▶ [Records shown]
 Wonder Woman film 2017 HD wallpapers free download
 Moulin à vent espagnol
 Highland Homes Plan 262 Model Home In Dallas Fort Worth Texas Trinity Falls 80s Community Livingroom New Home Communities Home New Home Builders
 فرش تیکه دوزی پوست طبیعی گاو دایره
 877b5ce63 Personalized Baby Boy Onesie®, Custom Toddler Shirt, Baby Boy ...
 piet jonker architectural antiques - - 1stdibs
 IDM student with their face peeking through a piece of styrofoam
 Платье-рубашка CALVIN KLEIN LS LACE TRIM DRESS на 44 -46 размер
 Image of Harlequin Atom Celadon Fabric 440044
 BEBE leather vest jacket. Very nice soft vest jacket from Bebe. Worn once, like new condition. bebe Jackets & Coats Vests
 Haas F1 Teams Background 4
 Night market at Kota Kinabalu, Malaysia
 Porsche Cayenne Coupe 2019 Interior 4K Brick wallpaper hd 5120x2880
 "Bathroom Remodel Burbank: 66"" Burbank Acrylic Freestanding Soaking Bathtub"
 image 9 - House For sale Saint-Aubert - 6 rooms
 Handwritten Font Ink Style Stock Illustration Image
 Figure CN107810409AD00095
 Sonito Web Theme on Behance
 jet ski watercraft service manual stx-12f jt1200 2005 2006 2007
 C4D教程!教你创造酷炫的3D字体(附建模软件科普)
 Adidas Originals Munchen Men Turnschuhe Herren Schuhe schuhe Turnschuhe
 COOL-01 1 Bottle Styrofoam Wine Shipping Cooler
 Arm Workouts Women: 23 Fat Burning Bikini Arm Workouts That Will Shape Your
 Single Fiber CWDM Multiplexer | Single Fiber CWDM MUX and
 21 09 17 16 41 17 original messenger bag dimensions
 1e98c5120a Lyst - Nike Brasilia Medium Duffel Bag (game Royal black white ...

▶ [Task brief] Every line from the one containing "image 9 - House" through the final line of the data above is to be restated word for word, and nothing more.

▶ [Answer for the task]
 image 9 - House For sale Saint-Aubert - 6 rooms
 Handwritten Font Ink Style Stock Illustration Image
 Figure CN107810409AD00095
 Sonito Web Theme on Behance
 jet ski watercraft service manual stx-12f jt1200 2005 2006 2007
 C4D教程!教你创造酷炫的3D字体(附建模软件科普)
 Adidas Originals Munchen Men Turnschuhe Herren Schuhe schuhe Turnschuhe
 COOL-01 1 Bottle Styrofoam Wine Shipping Cooler
 Arm Workouts Women: 23 Fat Burning Bikini Arm Workouts That Will Shape Your
 Single Fiber CWDM Multiplexer | Single Fiber CWDM MUX and
 21 09 17 16 41 17 original messenger bag dimensions
 1e98c5120a Lyst - Nike Brasilia Medium Duffel Bag (game Royal black white ...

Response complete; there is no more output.